According to the financial report, from 2015 to 2019, Suning Tesco invested a total of 71.6 billion yuan, and as of the end of 2019, there were still about 40.3 billion yuan of long-term equity investment. These include 2.2 billion yuan acquisition of pptv, 4.2 billion yuan acquisition of Daily Express, 4 billion yuan investment in China Unicom, 9.5 billion yuan in Wanda Commercial, 9.8 billion yuan in joint venture Hengning Commercial, 3.4 billion yuan investment in Huatai Securities, 2.7 billion yuan acquisition of Wanda Department Store, 4.8 billion yuan acquisition of Carrefour China, etc.

In addition, Suning's investment territory is also built by Suning Cultural Creation, Suning Investment, Suning Finance, etc. Among them, Suning Cultural Creation, which is mainly engaged in film and television business, has stopped operating due to operational difficulties.

However, it takes time to dispose of assets, and it is even more difficult to return from diversified operations to the main retail business.

"Flowing fluorescent lanterns lead the way, and thousands of horses and thousands of troops behind them." In December 2020, Zhang Jindong said at Suning's 30th anniversary celebration.
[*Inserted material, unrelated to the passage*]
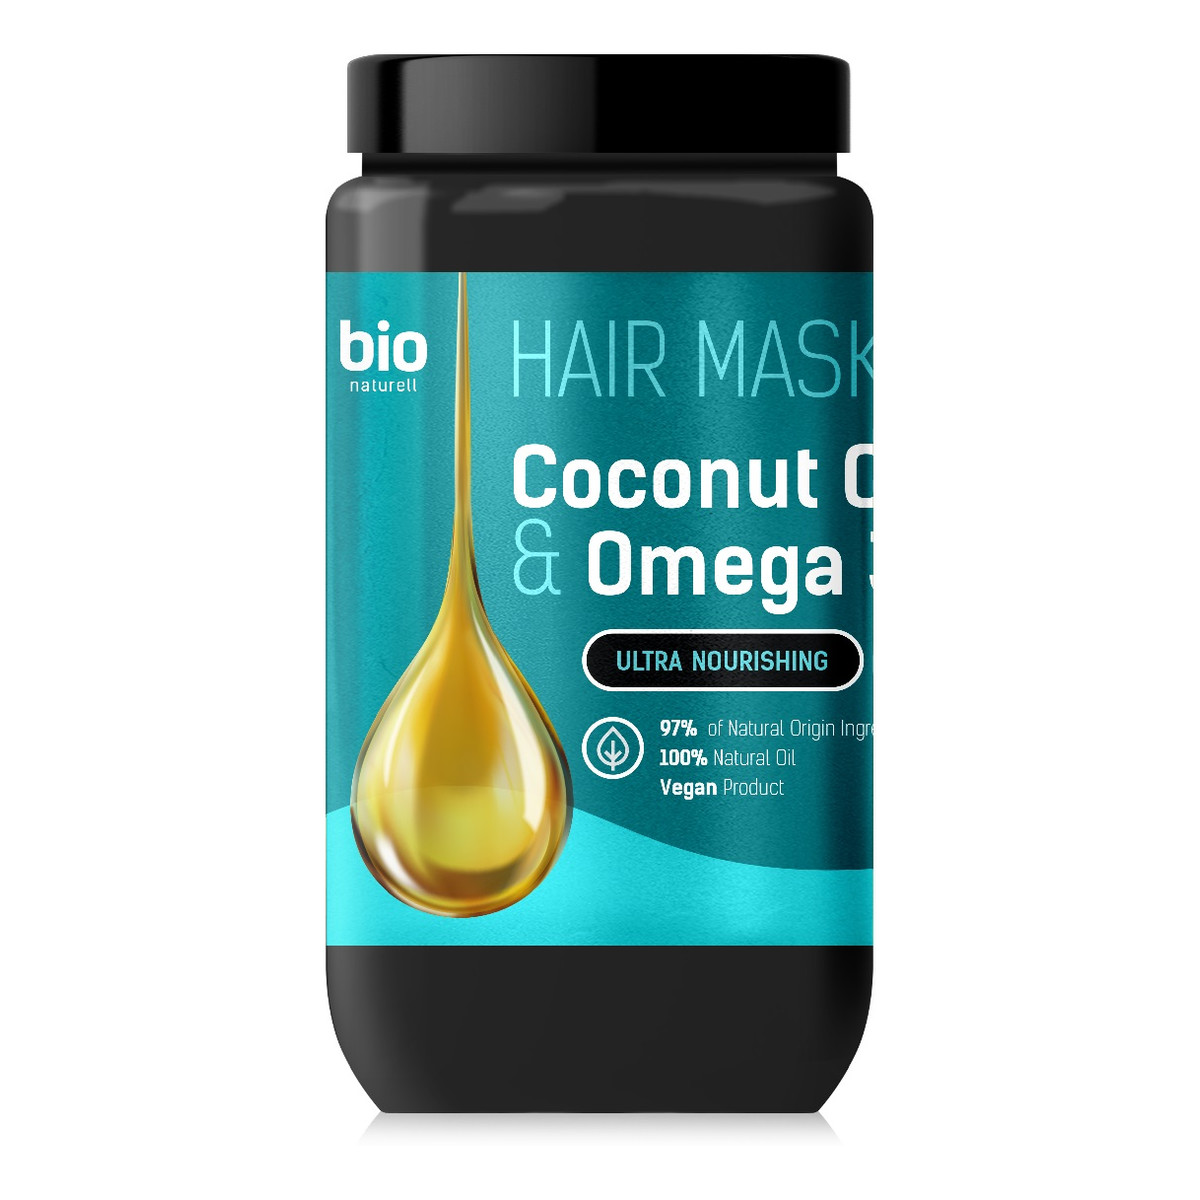 Bio Naturell Maska do włosów z olejem kokosowym i omega 3 946ml

Suning, which has entered the year of establishment, has defeated Gome in the "pre-e-commerce era" and experienced a painful transformation in the era of e-commerce. Today, in the vicinity of giants such as Ali, JD.com, and Pinduoduo, will Suning, whose main business is sluggish and debt-ridden, face the risk of being out?

After all, in the rapidly changing world of the Internet, there is often only a line between falling behind and getting out.